My command and output history:

[root at node1 ~]# modprobe drbd
[root at node2 ~]# modprobe drbd
[root at node1 ~]# drbdadm up all
[root at node2 ~]# drbdadm up all
[root at node1 ~]# drbdadm primary all
[root at node2 ~]# drbdadm primary all
[root at node1 ~]# cat /proc/drbd
version: 8.0pre3 (api:82/proto:80)
SVN Revision: 2169 build by root at node1.itinerary.com, 2006-06-29
14:42:49
 0: cs:Connected st:Primary/Primary ds:UpToDate/UpToDate r---
    ns:0 nr:0 dw:0 dr:0 al:0 bm:0 lo:0 pe:0 ua:0 ap:0
        resync: used:0/7 hits:0 misses:0 starving:0 dirty:0 changed:0
        act_log: used:0/257 hits:0 misses:0 starving:0 dirty:0 changed:0
 1: cs:Unconfigured
[root at node1 ~]# mount /dev/drbdvg/test-root /mnt/ -text3
[root at node2 ~]# ifconfig eth0 down
[root at node2 ~]#
drbd0: PingAck did not arrive in time.
drbd0: short read expecting header on sock: r=-512
[root at node2 ~]# cat /proc/drbd
version: 8.0pre3 (api:82/proto:80)
SVN Revision: 2169 build by root at node1.itinerary.com, 2006-06-29
14:42:49
 0: cs:WFConnection st:Primary/Unknown ds:UpToDate/DUnknown r---
    ns:0 nr:484 dw:484 dr:416 al:0 bm:0 lo:0 pe:0 ua:0 ap:0
        resync: used:0/7 hits:0 misses:0 starving:0 dirty:0 changed:0
        act_log: used:0/257 hits:0 misses:0 starving:0 dirty:0 changed:0
 1: cs:Unconfigured
[root at node2 ~]# ifconfig eth0 up
[root at node2 ~]#
drbd0: Split-Brain detected, dropping connection!
drbd0: error receiving ReportState, l: 4!
[root at node2 ~]# reboot
(later)
[root at node2 ~]# modprobe drbd
[root at node2 ~]# drbdadm outdate all
[root at node2 ~]# drbdadm up all
drbd0: Backing device has merge_bvec_fn()!
drbd0: No usable activity log found.
[root at node2 ~]# cat /proc/drbd
version: 8.0pre3 (api:82/proto:80)
SVN Revision: 2169 build by root at node1.itinerary.com, 2006-06-29 14:42:49
 0: cs:WFConnection st:Secondary/Unknown ds:Outdated/DUnknown r---
    ns:0 nr:0 dw:0 dr:0 al:0 bm:0 lo:0 pe:0 ua:0 ap:0
        resync: used:0/7 hits:0 misses:0 starving:0 dirty:0 changed:0
        act_log: used:0/257 hits:0 misses:0 starving:0 dirty:0 changed:0
 1: cs:Unconfigured

[root at node1 ~]# drbdadm connect all
[root at node2 ~]# drbd0: Split-Brain detected, dropping connection!
drbd0: error receiving ReportState, l: 4!
[root at node2 ~]# drbdadm down all
[root at node2 ~]# drbdadm create-md all

Valid meta-data already in place, recreate new?
[need to type 'yes' to confirm] yes

Creating meta data...
initialising activity log
initialising bitmap (3296 KB)
99%New drbd meta data block sucessfully created.
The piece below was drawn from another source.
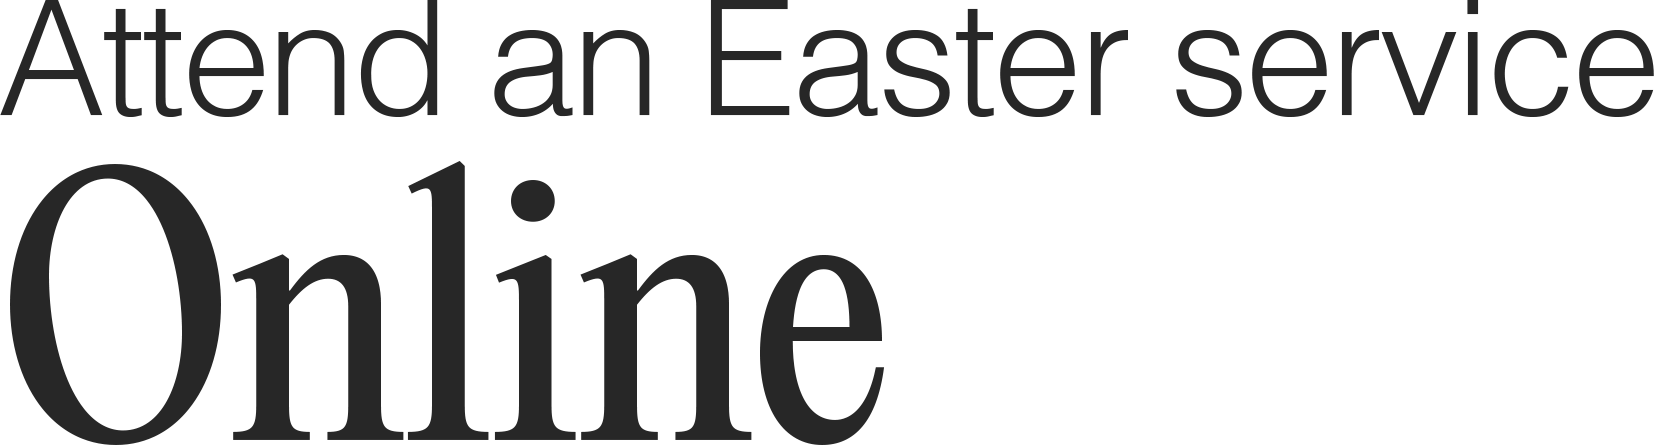 Attend an Easter service online

[root at node2 ~]# drbdadm up all
drbd0: No usable activity log found.
[root at node2 ~]# cat /proc/drbd
version: 8.0pre3 (api:82/proto:80)
SVN Revision: 2169 build by root at node1.itinerary.com, 2006-06-29
14:42:49
 0: cs:WFConnection st:Secondary/Unknown ds:Inconsistent/DUnknown r---
    ns:0 nr:0 dw:0 dr:0 al:0 bm:0 lo:0 pe:0 ua:0 ap:0
        resync: used:0/7 hits:0 misses:0 starving:0 dirty:0 changed:0
        act_log: used:0/257 hits:0 misses:0 starving:0 dirty:0 changed:0
 1: cs:Unconfigured
[root at node1 ~]# drbdadm connect all
[root at node2 ~]# cat /proc/drbd
version: 8.0pre3 (api:82/proto:80)
SVN Revision: 2169 build by root at node1.itinerary.com, 2006-06-29 14:42:49
 0: cs:SyncTarget st:Secondary/Primary ds:Inconsistent/UpToDate r---
    ns:0 nr:18193408 dw:18193376 dr:0 al:0 bm:1110 lo:9 pe:1351 ua:12 ap:0
        [===>................] sync'ed: 16.9% (87656/105423)M
        finish: 0:14:15 speed: 104,896 (92,348) K/sec
        resync: used:4/7 hits:1137313 misses:1114 starving:0 dirty:0
changed:1114
        act_log: used:0/257 hits:0 misses:0 starving:0 dirty:0 changed:0
 1: cs:Unconfigured

So is create-md the only solution when in a split-brain? I can't
invalidate node2 with drbd invalidate all since its not in connected
state, and connecting it just prints split brain and disconnects the nodes.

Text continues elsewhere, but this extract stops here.